* Task item:
Going down the listing below, print exactly each line from the one with "Desktop Wallpaper ·" up to and including the one with "La scienza note.", and skip the rest.

*** Dataset entries ***

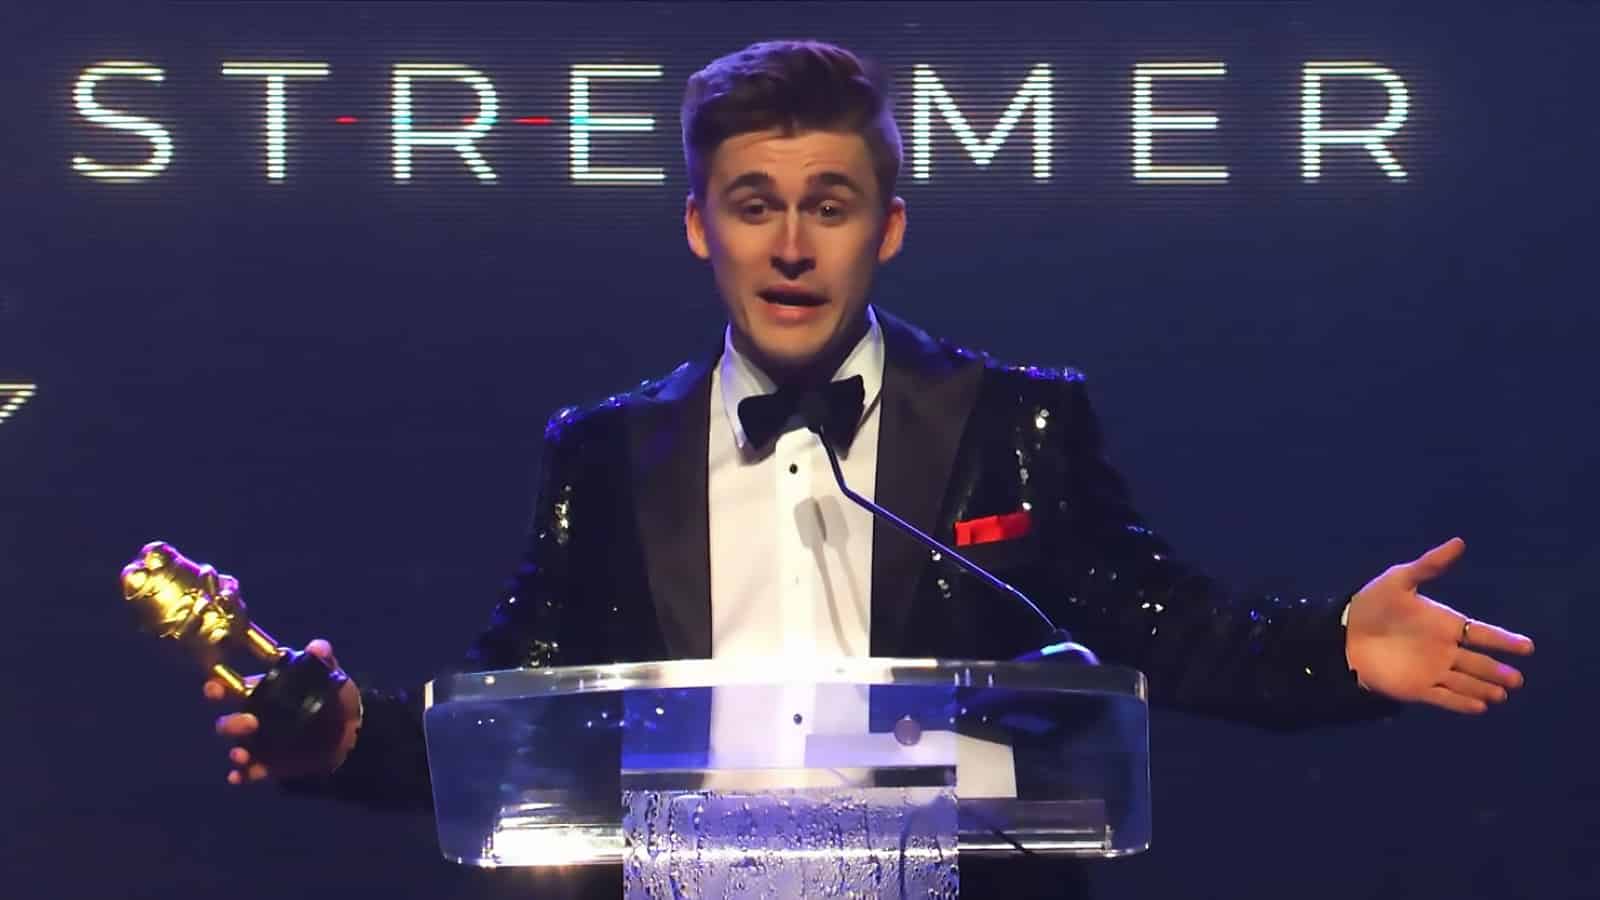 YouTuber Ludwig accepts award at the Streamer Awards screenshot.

*** End of Dataset entries ***
*** Dataset entries ***

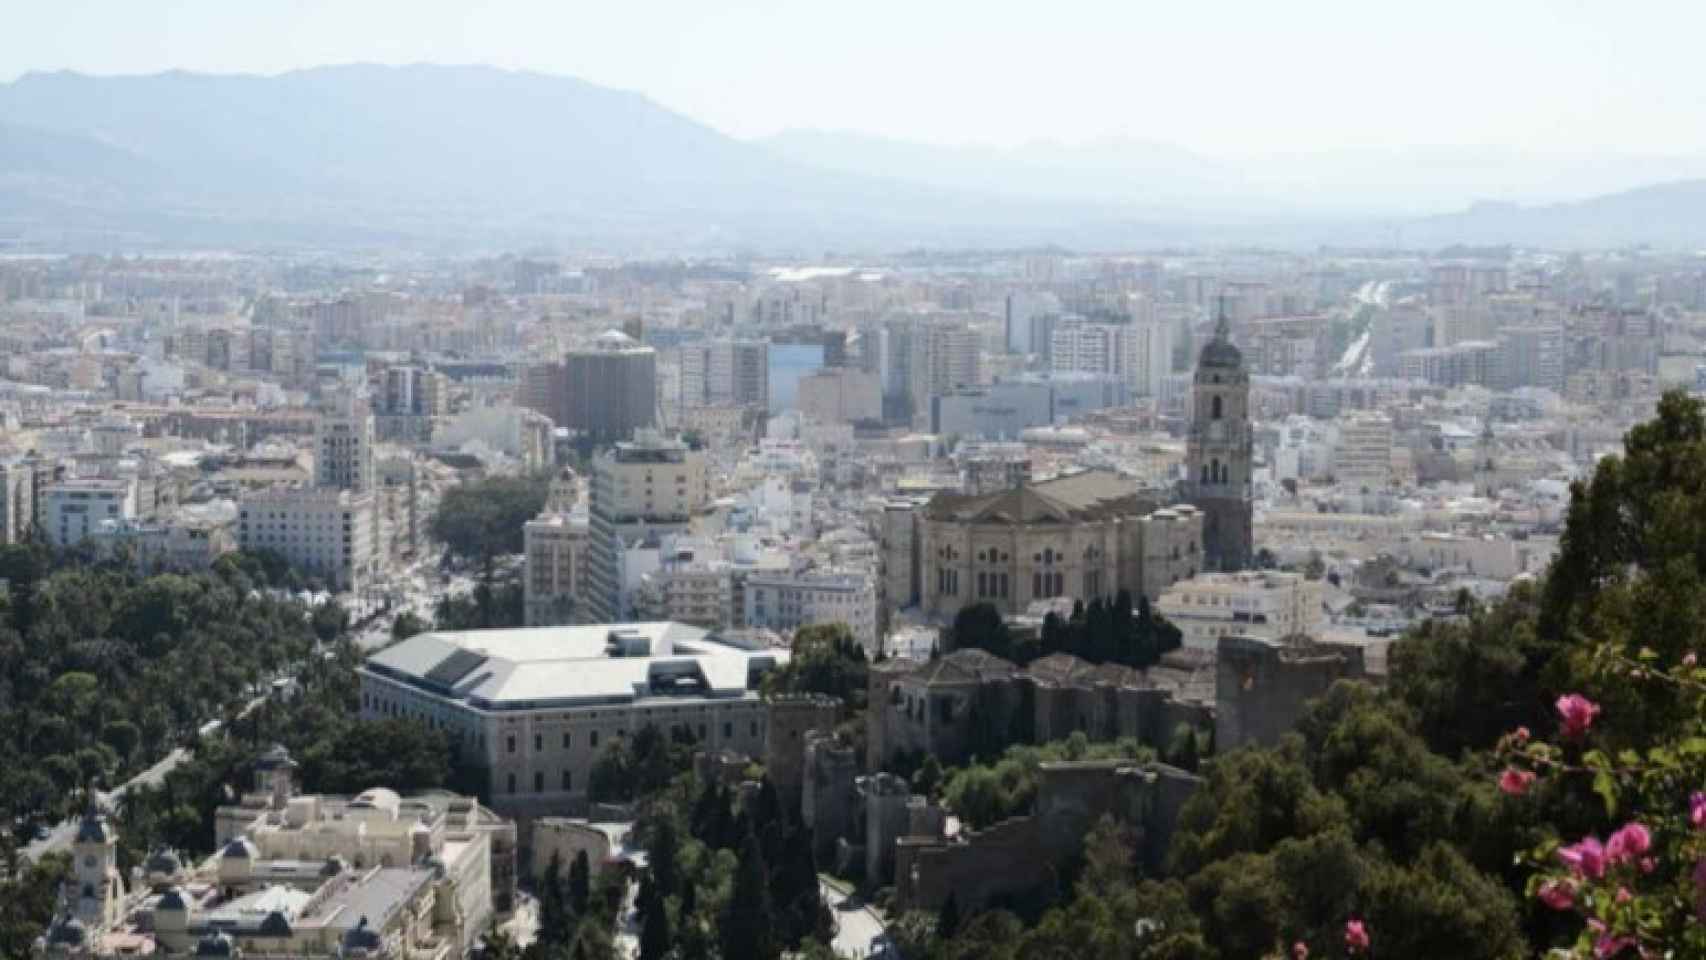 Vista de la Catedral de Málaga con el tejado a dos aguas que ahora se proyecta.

*** End of Dataset entries ***
*** Dataset entries ***

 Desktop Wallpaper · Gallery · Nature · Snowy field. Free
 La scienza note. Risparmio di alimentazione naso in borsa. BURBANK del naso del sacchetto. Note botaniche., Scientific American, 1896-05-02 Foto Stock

*** End of Dataset entries ***

* Solution:
 Desktop Wallpaper · Gallery · Nature · Snowy field. Free
 La scienza note. Risparmio di alimentazione naso in borsa. BURBANK del naso del sacchetto. Note botaniche., Scientific American, 1896-05-02 Foto Stock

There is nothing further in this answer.